The Dow Jones has reacted badly to data showing an increase in unemployment and drop in retail sales.
London, Paris and Frankfurt were off more between 5.7 and 7 percent at the close despite the Bank of England and European Central Bank cut interest rates by 1.5 and 0.5 percent respectively.
In the U.S. the Dow Jones industrial average, the Standard & Poor's 500 index and the Nasdaq composite all declined between 4 and 5 according to early tallies at the close of trading after poor retail and job figures.
Thomson Reuters estimated the U.S.'s October sales could be the worst monthly statistics in 8 years. Meanwhile, the number of Americans filing new claims for unemployment last week -- 481,000 -- topped forecasts predicting 476,000.
It's just an endless flow of bad news and no one wants to buy," said Dave Rovelli, managing director of U.S. equity trading at Canaccord Adams.
October retail sales from U.S. chain stores were mostly abysmal, although some discounters like Wal-Mart Stores escaped the fray. The housing market collapse, credit crunch and strained labor market have all taken their toll on consumers spending.
Earlier, most Asian and Pacific markets were also sharply lower on Thursday.
The Nikkei in Tokyo closed down 6.5 percent, while Australia's All Ordinaries slipped more than 4 percent.
In Seoul, the KOP finished the day 7.6 percent lower. The Taiwan Weighted index fell 5.7 percent. Hong Kong's Hang Seng closed down 7.1 percent.
The losses were more modest in Singapore, where the Straits Times Index was down more than 4 percent and the BSE SENSEX in Mumbai fell 4.2 percent by midday.

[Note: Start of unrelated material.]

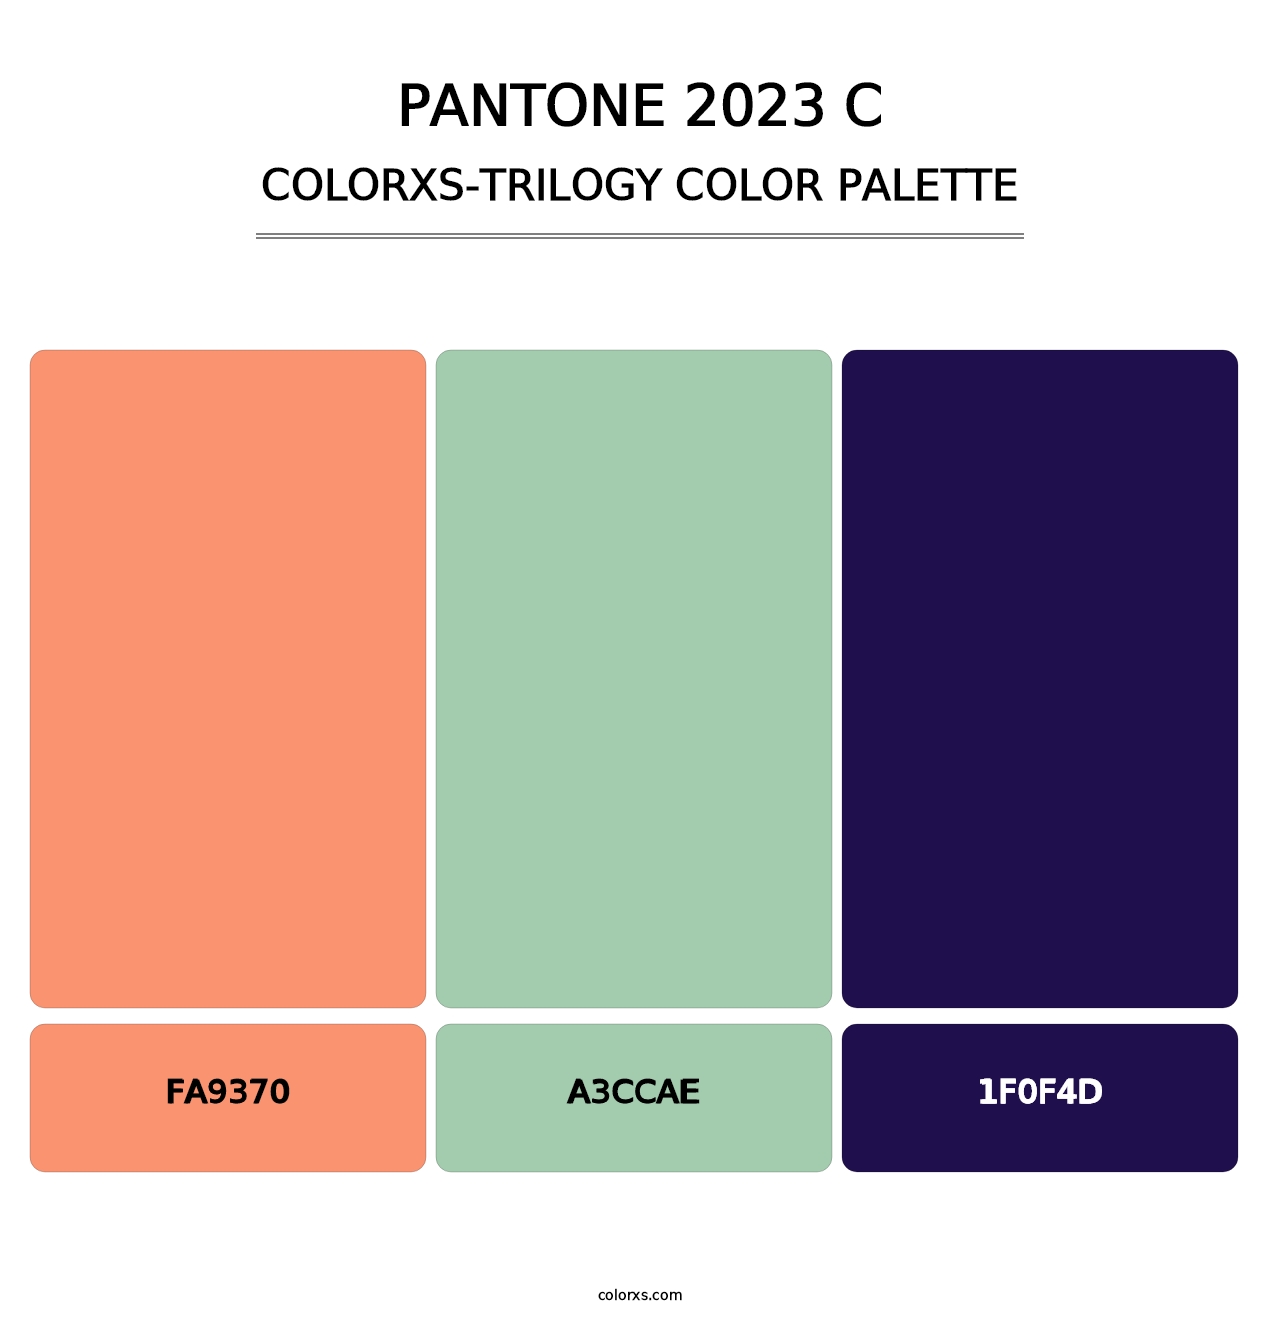 PANTONE 2023 C - Colorxs Trilogy Palette
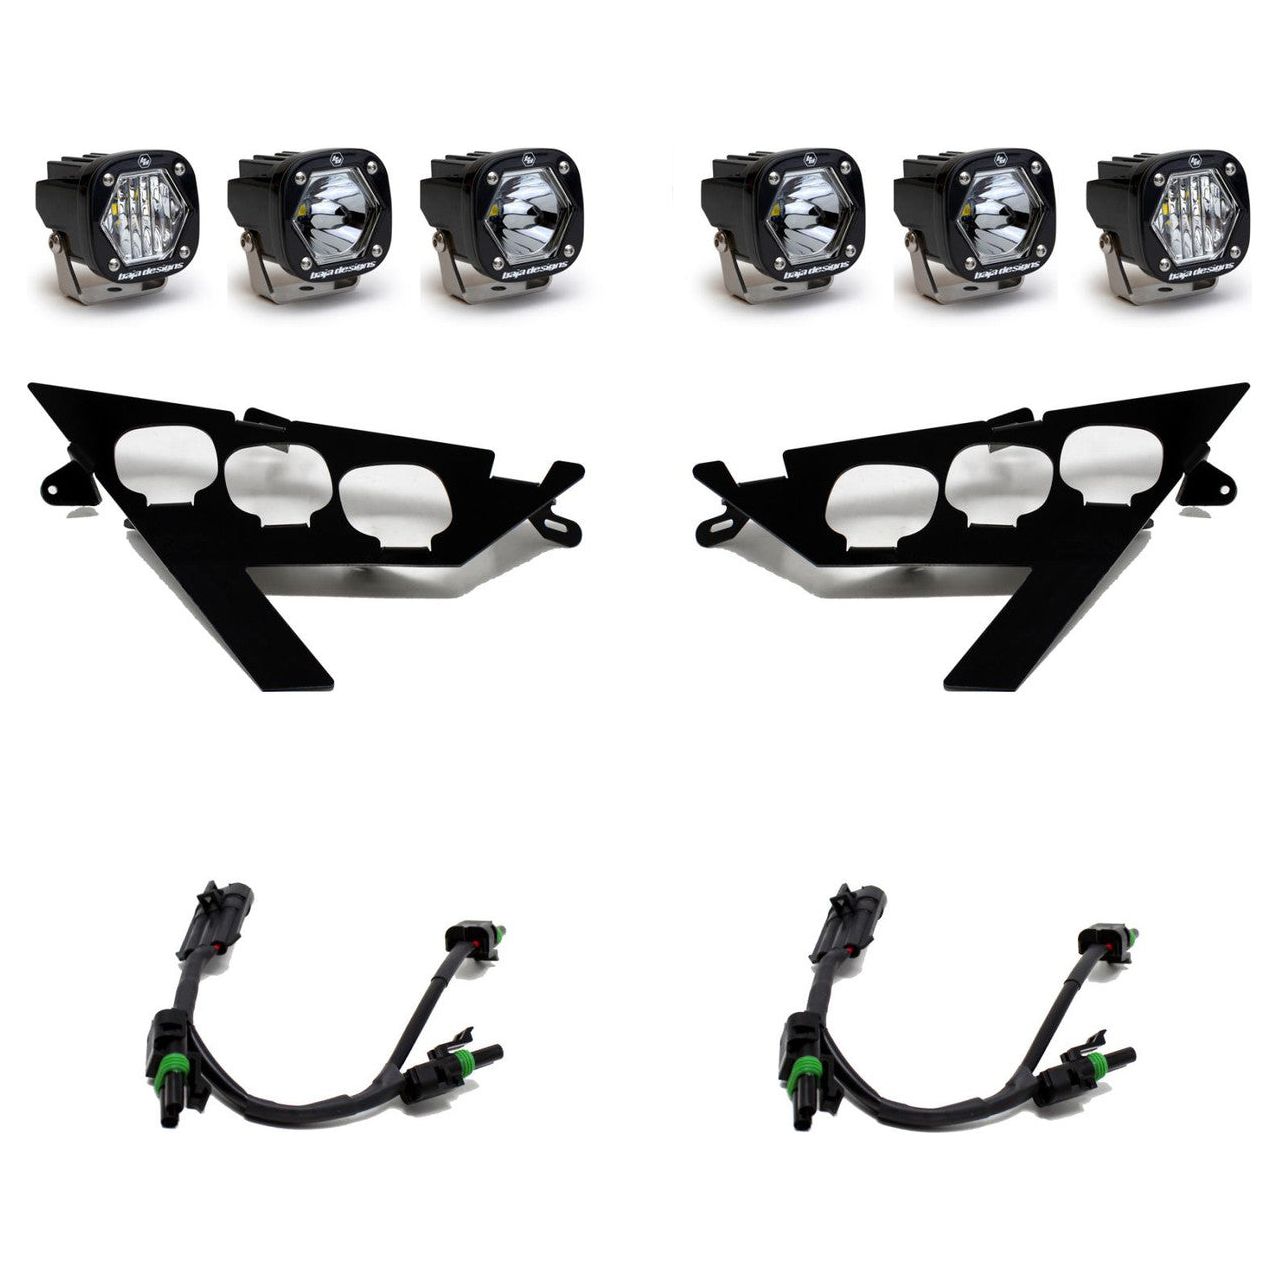 Polaris RZR Pro / Turbo R S1 Triple LED/Laser Headlight Kit | Baja Designs

The selloff followed Wednesday's rally across Asia as markets returned to economic realities following historic elections in the United States that saw Barack Obama elected as the first African-American U.S. president.
On Wall Street Wednesday, the Dow Jones industrials fell 486 points, or 5 percent. Similar percentage losses were posted by the tech-heavy NASDAQ and broad-based Standard and Poor's 500.